Lots of places describe themselves as being in “the heart of Europe.” But when it comes to energy distribution systems, only one location fits the bill: Laufenburg, Switzerland, population 3,207. This picturesque town on the shores of the Rhine River has not only been a crossroads for Roman and Napoleonic armies, but is today the meeting point for a very different kind of power: the electric lines that connect France, Germany, Austria, Italy, and of course Switzerland itself. It is also home to the atomic clock that synchronizes and sets the frequency — some would say heartbeat — of the entire European Union grid, including Turkey.

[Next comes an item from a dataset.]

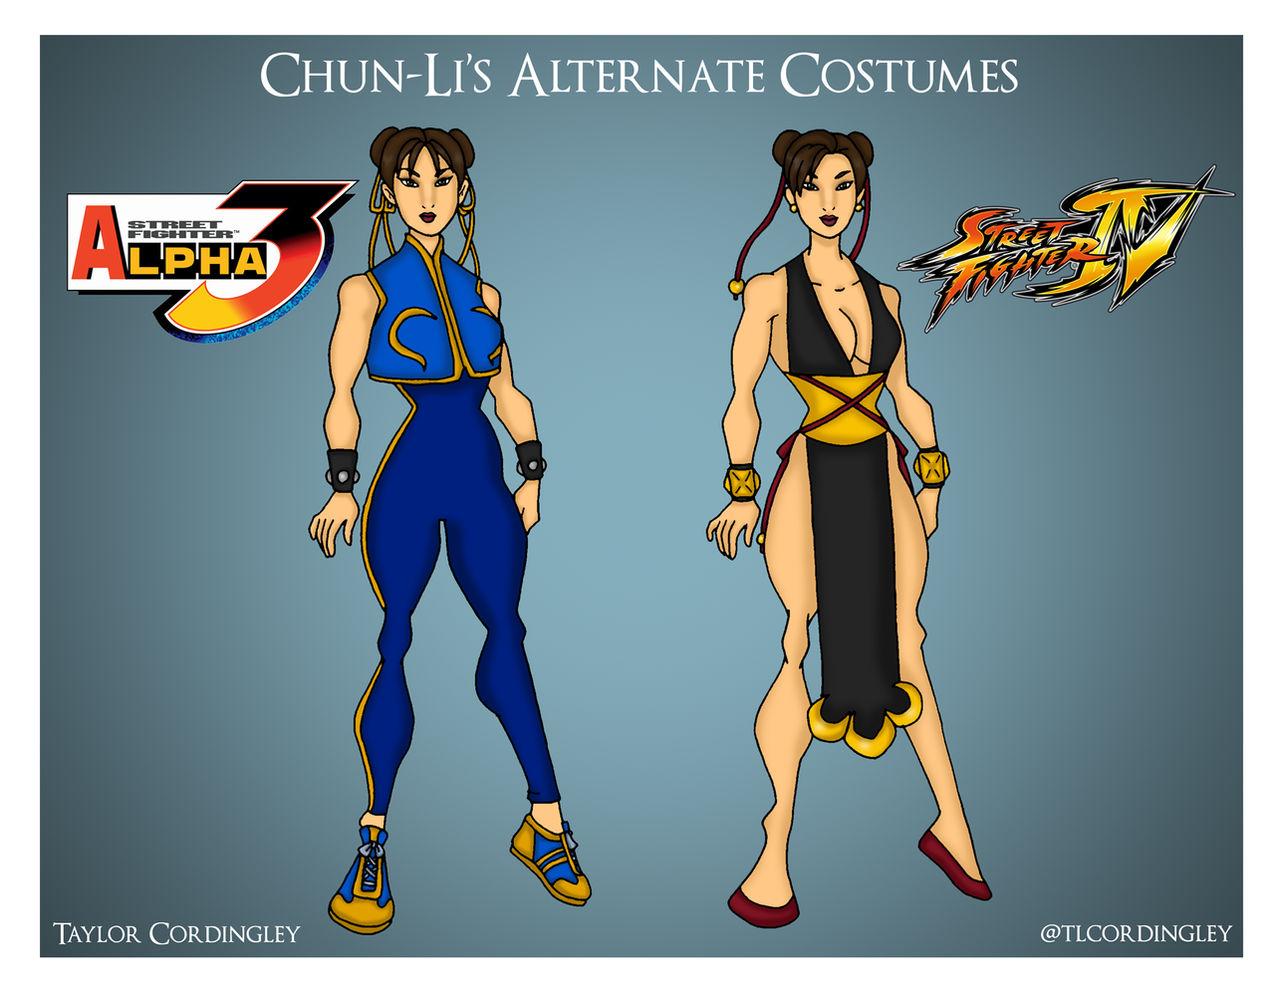 Street Fighter Chun Li S Alternate Costumes By Femmes Fatales On
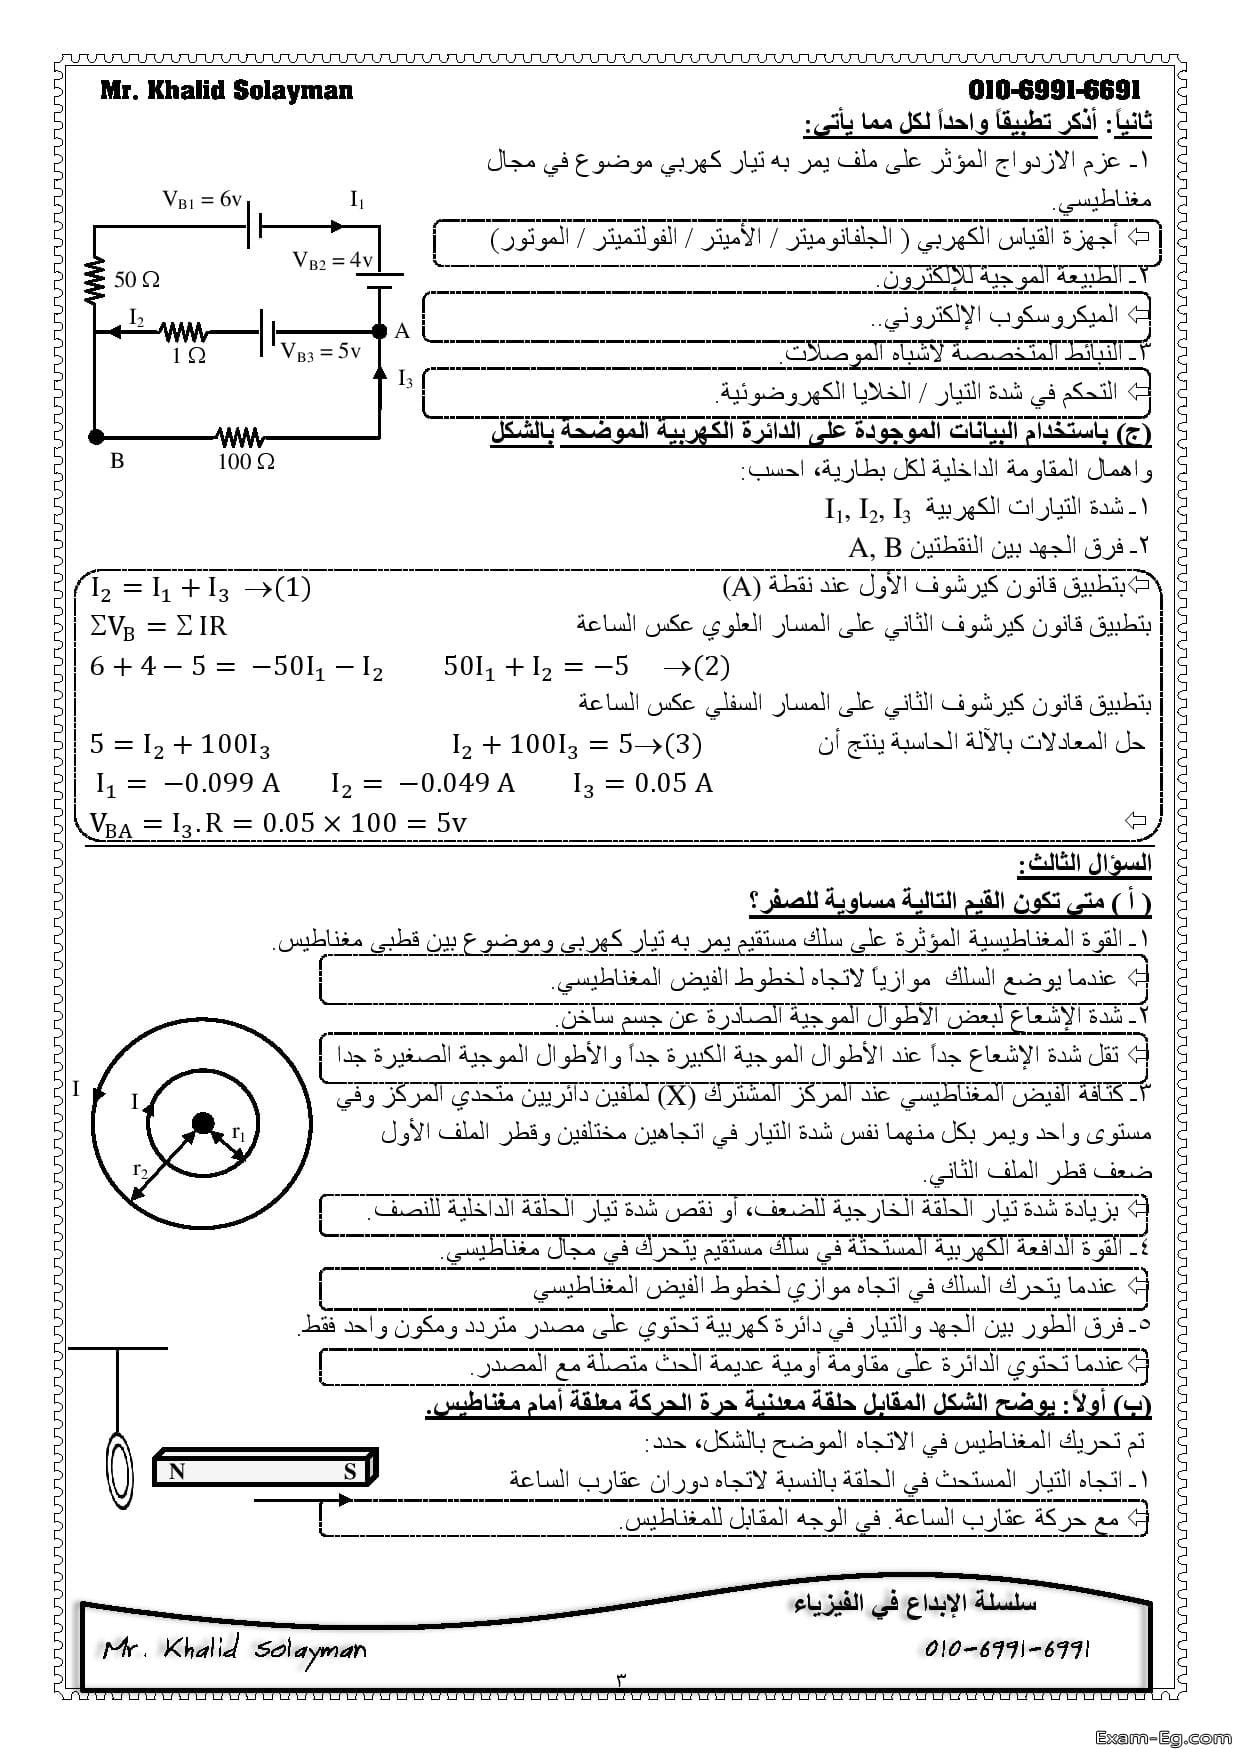 exam-eg.com_155647056841393.jpg

Formula for Grid Stabilization
A new machine-learning solution from Siemens is helping Switzerland’s national grid company to accurately predict losses as energy is transferred from country to country. The result: significant cost reductions and enhanced grid stability throughout Europe.
Balancing Production and Demand
Laufenburg is also where Swissgrid, Switzerland’s national grid company, is headquartered. Because of its strategic location, the company plays a key role in ensuring that the balance between electricity production and consumption across many national boundaries is maintained at all times.
But the ability to meet this goal, and thus maintain a steady frequency of 50 Hertz, has a lot to do with making accurate predictions. On the production side, this is becoming more difficult as an increasing amount of power is produced by renewable sources. And on the consumption side, predictions are also tricky because anything from a sudden cold snap to a heat wave can significantly change electricity demand.
Added to these variables is the problem of predicting so-called “transfer losses” — the amount of electricity lost as a result of line resistance as it zips from one country to another. Italy, for instance, purchases electricity from northern Europe, which crosses Switzerland. Such losses, which are the result of a number of variables, such as local weather conditions and the amount of electricity being transferred at a given moment, “average about 1.6 percent of the total load of the Swiss energy grid, which adds up to about 100 megawatt-hours per hour (MWh),” says Dr. Jan Mrosik, CEO of the Smart Grid Division of Siemens’ Infrastructure & Cities Segment. “At an average spot price of €55 per MWh, the monetary equivalent of these losses is €5,500 per hour, or €48.18 million per year.”
In order to make up for transfer losses, Swissgrid must purchase additional electricity on the Swiss Spot Market, a process that begins up to 16 hours in advance every day of the year. Obviously, given the huge amounts of energy involved, the highest level of predictive accuracy is needed. Until recently, the company relied on an algorithm that has a forecast error of approximately 11 percent. But now, thanks to a neural-network-based algorithm developed by Siemens Corporate Technology (CT), Swissgrid expects to lower its forecast error to ten percent — a ten percent improvement, according to Mrosik. “We can reduce both the use of control energy and the amount of unused energy resulting from overestimating transfer losses,” he says.
Increasingly Accurate Predictions
Unlike any other algorithm in this area, the system developed by Siemens Corporate Technology “derives the predicted transfer loss from the load (electricity usage) forecast — two functions normally considered to be separate — in a single, integrated step,” explains Dr. Ralph Grothmann, who, along with Dr. Hans-Georg Zimmermann, developed the algorithm. “It is an integrated model, and that is not only unique but significantly more accurate than competing models.” Thanks to years of experience in refining their understanding of neural networks, the researchers’ load forecasts are typically 97 percent accurate. This accuracy also derives from the fact that CT’s algorithm takes historical data into account as well as variables such as current weather conditions and the fill levels of pumped water storage systems. Once fully implemented, the new hybrid algorithm could add increased stability to the EU’s electricity grid. “The system’s ability to learn is especially important in terms of adapting the grid to energy flows induced by renewable sources such as wind, solar, and hydro power,” says Mrosik.
What’s more, the algorithm can also be used to forecast other factors, such as European energy flows and the specific amounts of energy expected to be produced by wind and solar installations. “Pilot projects carried out by Siemens have demonstrated that our neural networks can predict renewable energy supplies with an accuracy of 90 percent up to 72 hours into the future,” says Mrosik. “That knowledge could really help grid operators to balance energy flows.”